«Zebras» stürmen Richtung Bundesliga

«Zebras» stürmen Richtung Bundesliga
«Zebras» stürmen Richtung Bundesliga
Petrick Sander gestikuliert im Januar am Spielfeldrand.

München (dpa) – Nach fünf Jahre langer Abstinenz steht der MSV Duisburg vor der Rückkehr in die Bundesliga: Die «Zebras» gewannen mit 4:0 gegen Rot-Weiß Erfurt und stürmten mit dem 12. Heimsieg der Saison wieder an die Tabellenspitze der 2. Fußball- Bundesliga.

Der ärgste Konkurrent 1. FC Köln kann jedoch im Spitzenspiel des 28. Spieltages gegen die SpVgg Greuther Fürth nachlegen und bei einem Sieg die Tabellenführung zurückerobern. Zurück auf einem Aufstiegsplatz ist nach dem 4:0 bei Dynamo Dresden auch der TSV 1860 München.

«Wenn wir so weiter machen wie in Trier, laufen wir höchste Gefahr, den Aufstieg noch zu verspielen», hatte Duisburgs Trainer Norbert Meier nach der jüngsten Auswärtspleite gewarnt. Doch bei seinem Team war von Verunsicherung keine Spur: Schon in der 8. Minute erzielte Abdelaziz Ahanfouf sein 14. Saisontor, 180 Sekunden später erhöhte Markus Anfang. Nach der Pause machten Nasir El Kasmi und Alexander Bugera den klaren Heimsieg perfekt. Bei acht Punkten Vorsprung auf einen Nichtaufstiegsplatz ist sechs Spieltage vor Saisonende der ersehnte Aufstieg für die Duisburger greifbar nah.

Auch ohne ihren verletzten Torschützen Arie von Lent hat Eintracht Frankfurt den dritten Aufstiegsplatz weiter im Blick: Durch Tore von Du-Ri Cha, Jermaine Jones und Benjamin Köhler besiegten die Hessen die abstiegsbedrohte SpVgg Unterhaching mit 3:0 und liegen nach dem neunten Heimsieg in Serie nur zwei Punkte hinter dem Dritten München.

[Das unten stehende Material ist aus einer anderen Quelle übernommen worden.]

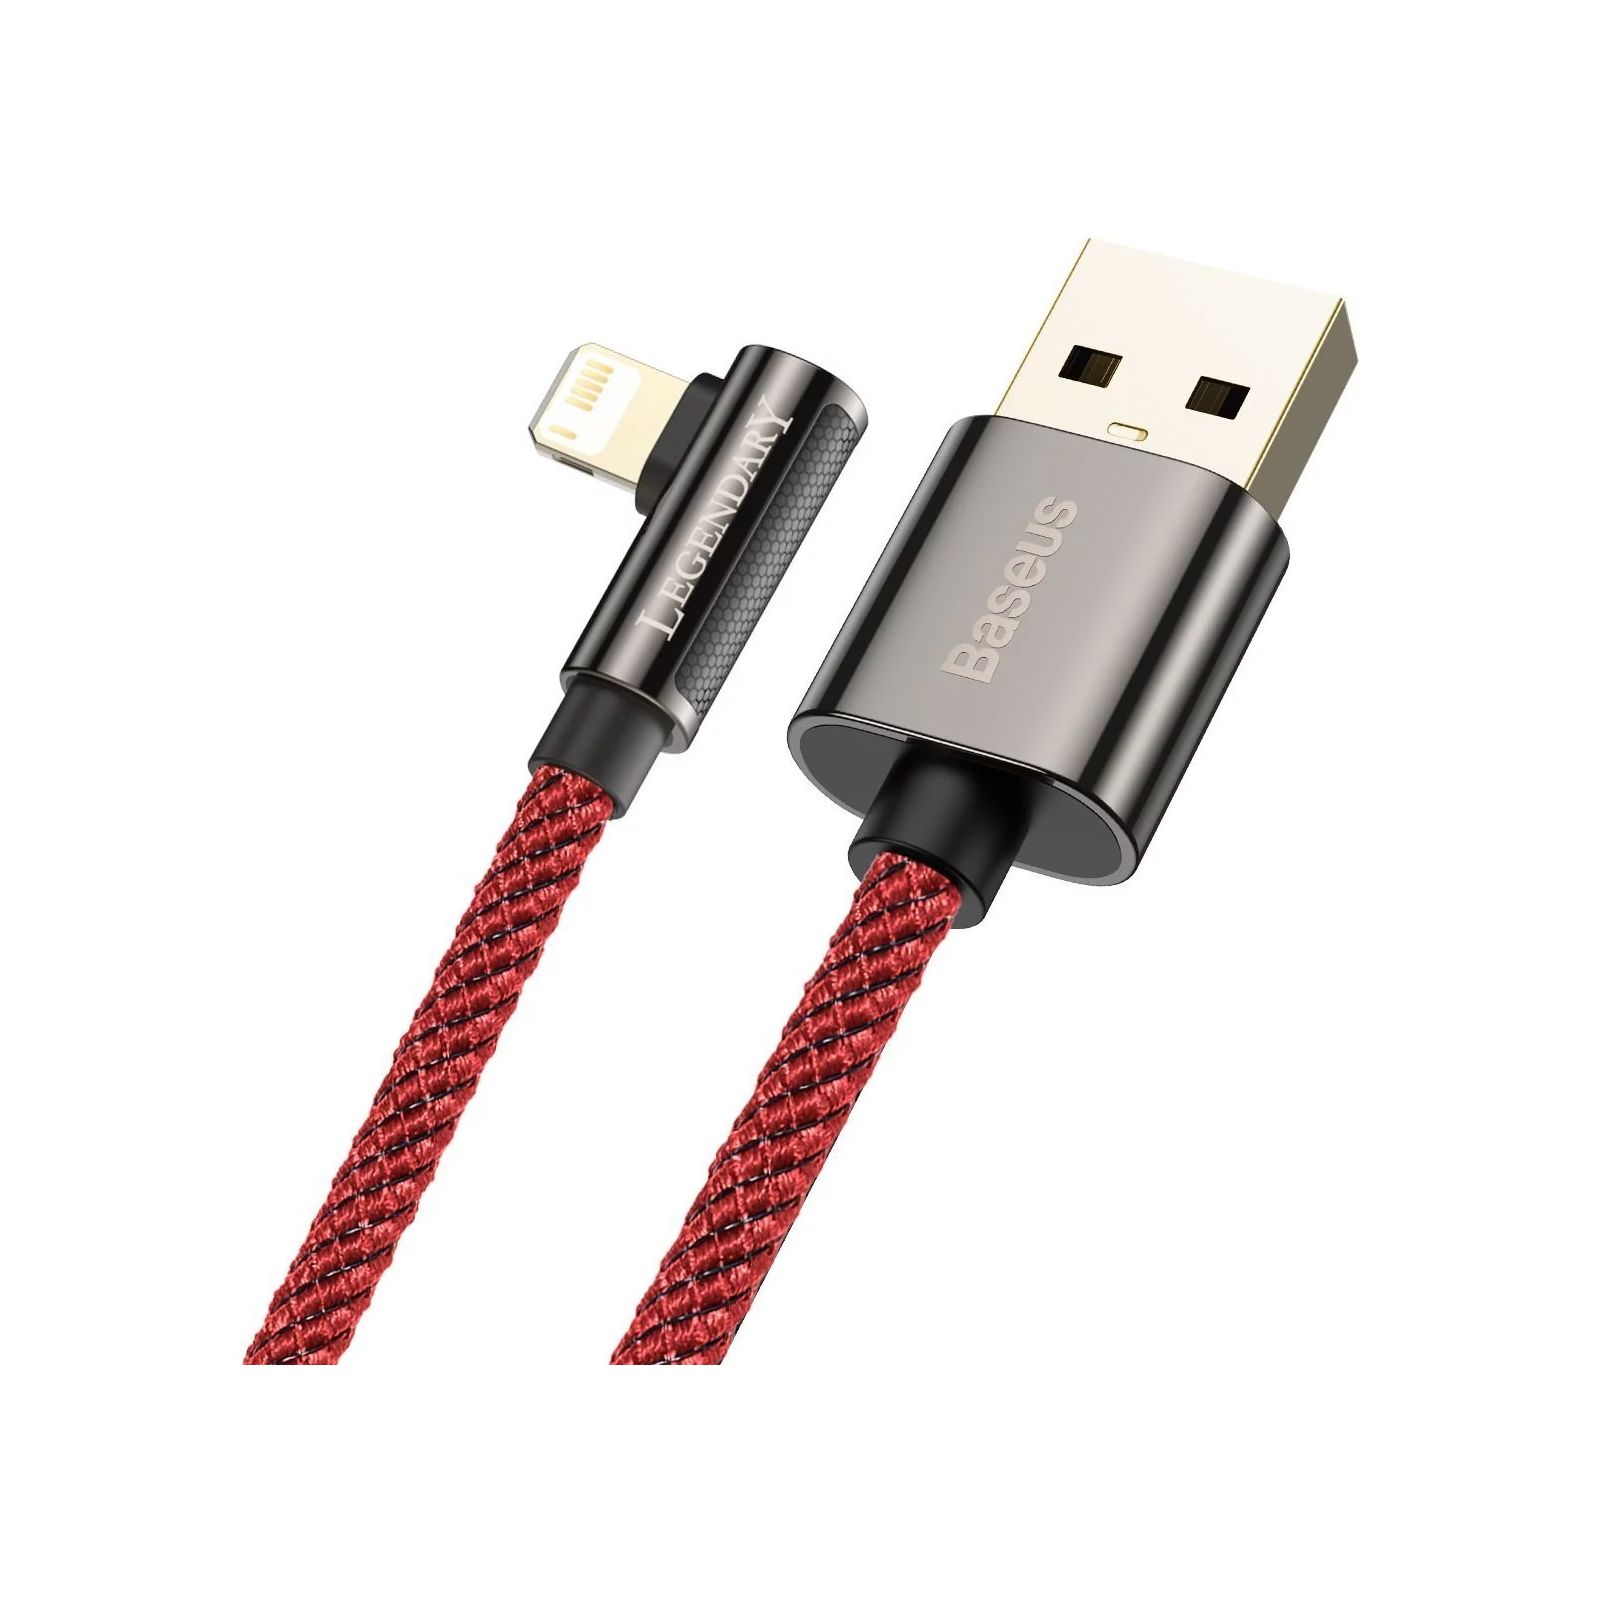 Дата кабель USB 2.0 AM to Lightning 2.0m CACS 2.4A 90 Legend Series Elbow Red Baseus (CACS000109) изображение 3

Einen Rückschlag musste dagegen Alemannia Aachen nach drei Siegen in Serie hinnehmen: Die Rheinländer kamen bei Schlusslicht Rot-Weiß Oberhausen über ein mageres 0:0 nicht hinaus.

Bei den «Löwen» blühen nach dem Erfolg am Freitag beim Aufsteiger dagegen wieder die Aufstiegsträume. «Wir rackern, wir marschieren, und wir spielen mittlerweile richtig gut Fußball», jubelte Stürmer Paul Agostinho nach dem Sprung auf einen Aufstiegsplatz. «Ich bin mir sicher: Wir steigen auf!» Trainer Reiner Maurer, der am Montag seinen Vertrag verlängern wird, ist nach elf Spielen ohne Niederlage überzeugt: «Wir haben einen super Sprung nach oben gemacht.»

«Es ist mir egal, wer noch aufsteigt. Hauptsache, wir steigen auf», lässt sich Kölns Jung-Nationalspieler Lukas Podolski vor dem Gipfel gegen Fürth auch von der momentanen Schwäche der «Geißböcke» nicht beirren. Seit zwei Spielen sind die Kölner ohne Treffer, auch Top-Torjäger Podolski wartet im Liga-Alltag seit einem Monat auf ein Erfolgserlebnis. Dicke Luft herrscht beim Tabellenvierten: «So macht das keinen Spaß», schimpfte Trainer Benno Möhlmann nach dem 1:1 gegen Burghausen – und setzte Kapitän Petr Ruman ab. Mit Straftraining will der Coach doch noch den Weg ins Oberhaus ebnen. «Je mehr wir trainieren, desto weniger haben die Spieler Zeit zu denken.»

2:2 trennten sich Wacker Burghausen und Erzgebirge Aue: Andrzej Juskowiak brachte die Gäste (12.) in Front, Stefan Reisinger sorgte per Kopf (20.) für den Ausgleich. Tom Geißler besorgte kurz vor der Pause die Führung für die Oberbayern, doch Sebastian Helbig schaffte nach der Pause den Ausgleich. Im Kampf gegen den drohenden Abstieg kam der Karlsruher SC gegen den direkten Konkurrenten LR Ahlen über ein mageres 0:0 nicht hinaus. Bereits am Freitag hatte Aufsteiger Rot-Weiß Essen beim 0:0 in Saarbrücken einen wichtigen Punkt gegen den Abstieg einfahren können. Energie Cottbus verschaffte sich mit dem 2:1-Heimsieg gegen Eintracht Trier etwas Luft im Abstiegskampf.